We may conclude that the Christian faith is founded on the truth of the incarnation that ‘The Word was made flesh, and dwelt among us, (and we beheld his glory, the glory as of the only begotten of the Father,) full of grace and truth. (John 1: 14 KJV).
How do other faiths respond to Jesus’s incarnation and role as the Son of God?

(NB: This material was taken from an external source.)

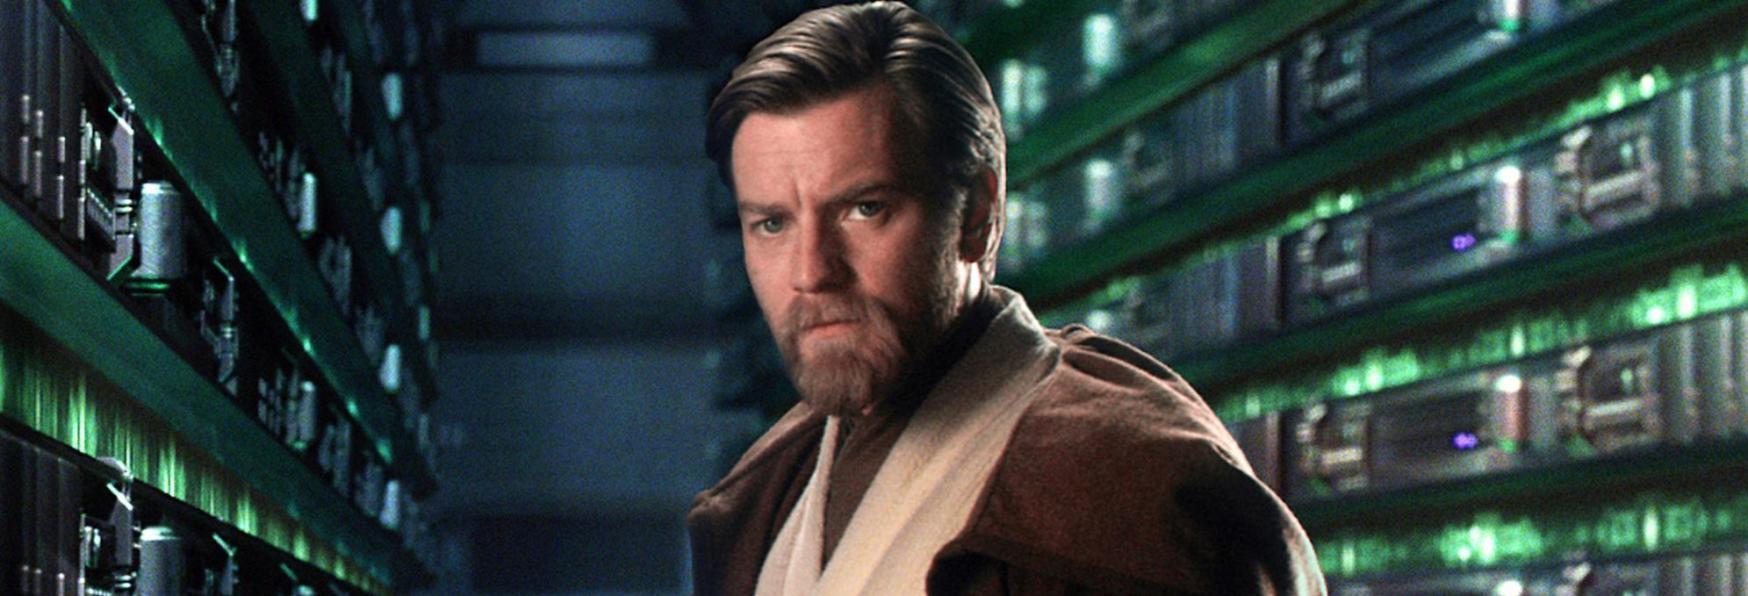 Star Wars: Obi-Wan Kenobi - Grande Eccitazione del Cast e della Crew durante le Riprese della nuova Serie TV
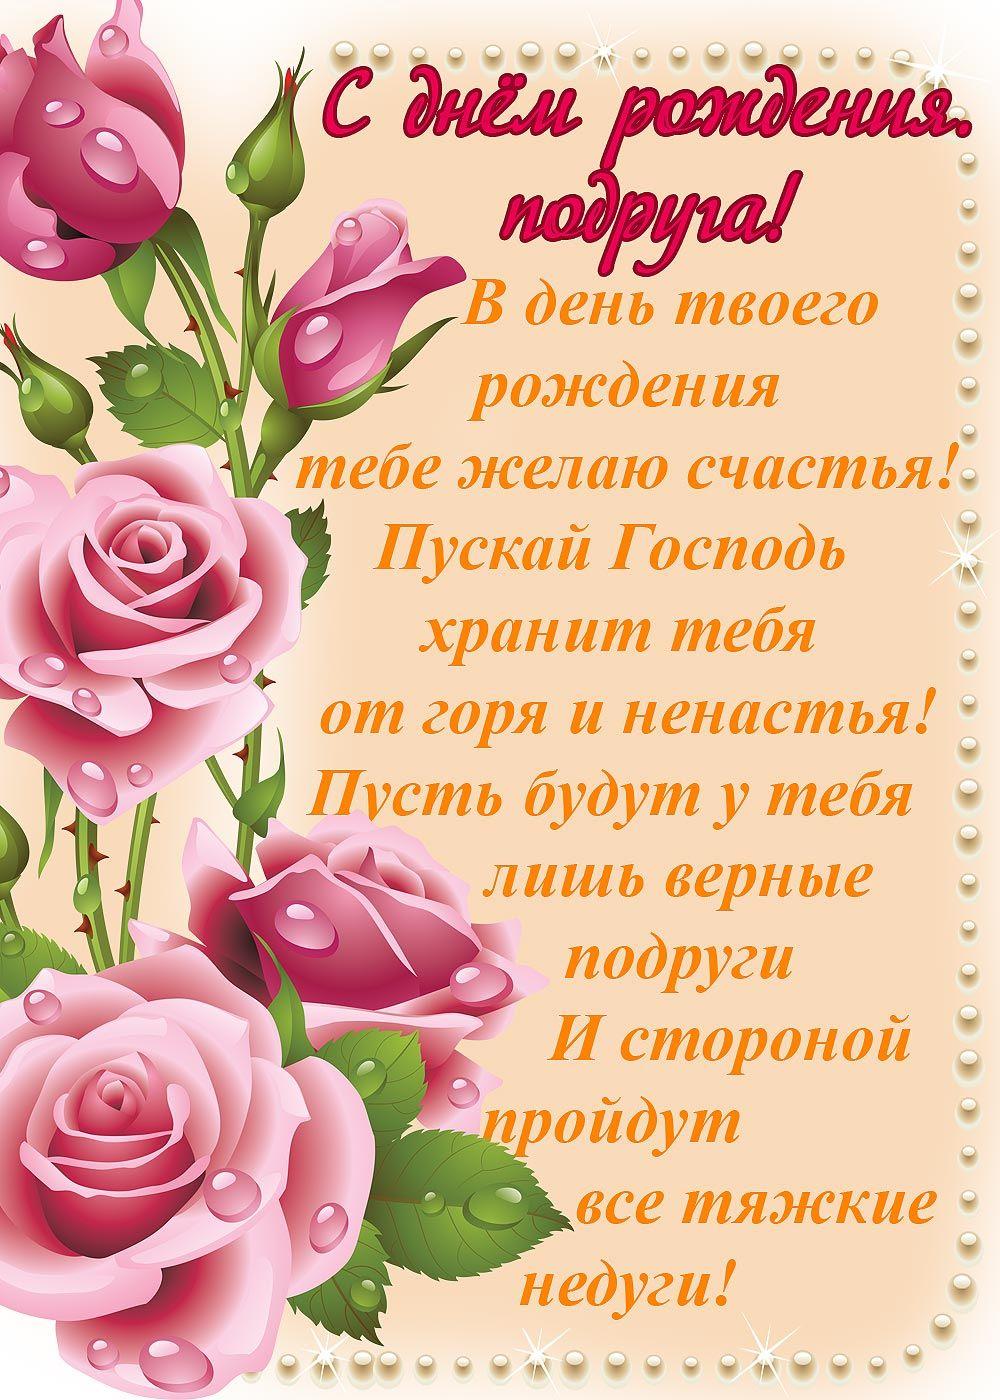 Поздравления с днем рождения подругу открытки6

Many world faiths include some aspect of their god’s to be miraculously formed and have an important role in daily religious devotion and practise and will be sympathetic to the teaching of Jesus’s incarnation. Within the Muslim faith Jesus is accepted as being born to a Virgin Mary yet only as a prophet of God and not divine or part of the Godhead.
Take Away
In the mysteries of the Christian faith and world religions we may agree or not agree with the Creation Account or a Virgin Birth as shared in the Bible but the world and the universe has been created and is maintained by some form of spiritual or metaphysical power and has an end journey.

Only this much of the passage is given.